Kubernetes Deployment for AI Agents: Real-World Experience with LangGraph¶

Українська версія доступна

EMM (Expert Memory Machine) started as a local experiment. Docker Compose, three containers, 5GB RAM. It worked. Agents classified files, saved to Obsidian vault, everything local.

Then came the moment when scale was needed. Not performance scale (traffic was minimal), but operational scale: multiple environments, isolated services, proper monitoring, automated deployments.

Docker Compose doesn't fit this. Kubernetes does.

But transitioning from monolith to microservices isn't just "write deployment.yaml and kubectl apply". Questions emerge that didn't exist in local development:

How do agents find MCP services? Service discovery. Where to store cache? In-memory doesn't work with multiple pods. Where to put secrets? Environment variables in Git - bad idea. How to do rolling updates without downtime?

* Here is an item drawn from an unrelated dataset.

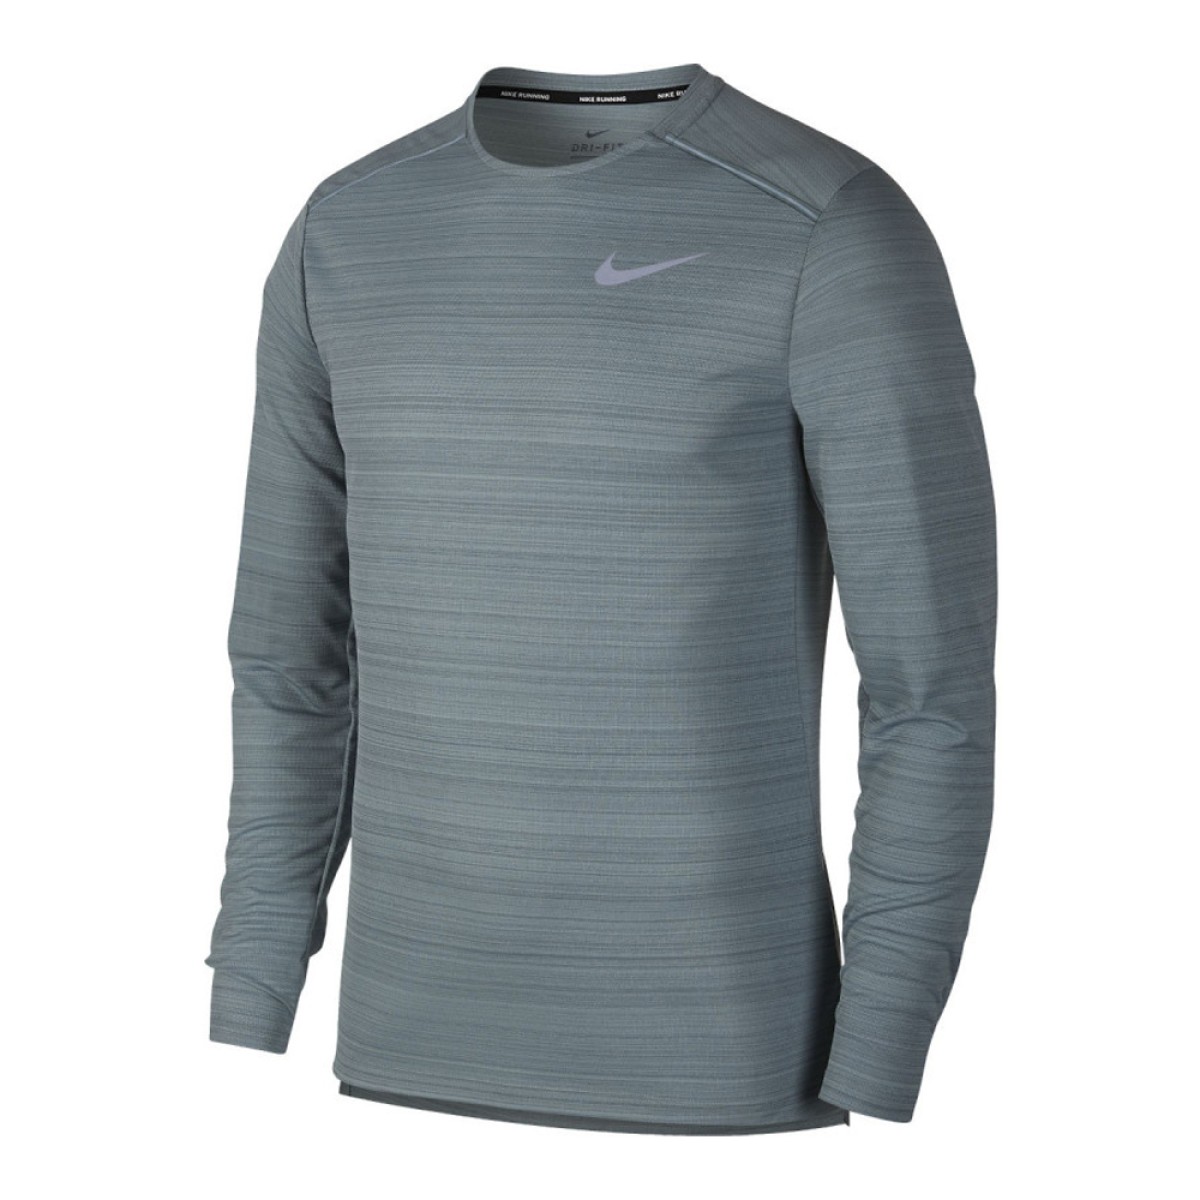 Layer up in the Nike Dri-FIT Miler Men's Long-Sleeve Running Top. Sweat ...

Here's how I solved these problems. With real manifests, mistakes, and solutions that work.

Architecture before and after¶

Before: Docker Compose monolith¶

docker-compose.yml:
  ├─ langgraph-api (contains all agents)
  ├─ ollama (LLM)
  └─ redis (optional, rarely used)

Problems: - All agents in one container. One crash = entire system down. - MCP handlers - in-process calls. Works locally, doesn't scale. - Cache in-memory in MCPClient. Works for single instance, lost on restart. - Secrets in .env file. Git-ignored, but manual sync between environments.

After: Kubernetes microservices¶

Kubernetes cluster:
  ├─ Agent Pods (3)
  │   ├─ confluence-agent
  │   ├─ bookmark-scraper
  │   └─ file-system-agent
  ├─ MCP Service Pods (7)
  │   ├─ jd-classifier-service
  │   ├─ content-classifier-service
  │   ├─ bookmark-classifier-service
  │   ├─ confluence-service
  │   ├─ file-system-service
  │   ├─ web-scraper-service
  │   └─ notifications-service
  ├─ Infrastructure (2)
  │   ├─ redis-cache (StatefulSet)
  │   └─ langgraph-api
  └─ Monitoring (3)
      ├─ prometheus
      ├─ tempo
      └─ grafana

15+ pods instead of 3 containers. Seems like overkill. But each pod has clear responsibility, scales easily, and can fail independently.

Challenge 1: Service Discovery¶

Locally MCP Client called handlers directly:

# mcp-servers/client.py - local version
def call(self, uri: str, params: dict):
    handler = self._handlers.get(uri)
    return handler(params)  # direct call

Works. Fast. But in Kubernetes agents and MCP services are different pods. Direct call doesn't work.

Need HTTP.

Solution: HTTP wrapper + Kubernetes Services¶

Each MCP service became HTTP server:

# mcp-servers/jd-classifier/server.py
from fastapi import FastAPI

app = FastAPI()

@app.post("/get_structure")
def get_structure(request: dict):
    # existing handler logic
    return {"structure": ...}

if __name__ == "__main__":
    uvicorn.run(app, host="0.0.0.0", port=8080)

Kubernetes Service provides stable DNS name:

apiVersion: v1
kind: Service
metadata:
  name: jd-classifier-service
  namespace: agentic-ai
spec:
  selector:
    app: jd-classifier-service
  ports:
  - port: 8080
    targetPort: 8080

MCP Client now makes HTTP requests:

# Updated client.py
def call(self, uri: str, params: dict):
    if os.getenv("K8S_MODE") == "true":
        service_name = self._parse_service(uri)
        url = f"http://{service_name}-service:8080/{uri}"
        response = requests.post(url, json=params)
        return response.json()
    else:
        # local mode - direct handlers
        return self._handlers[uri](params)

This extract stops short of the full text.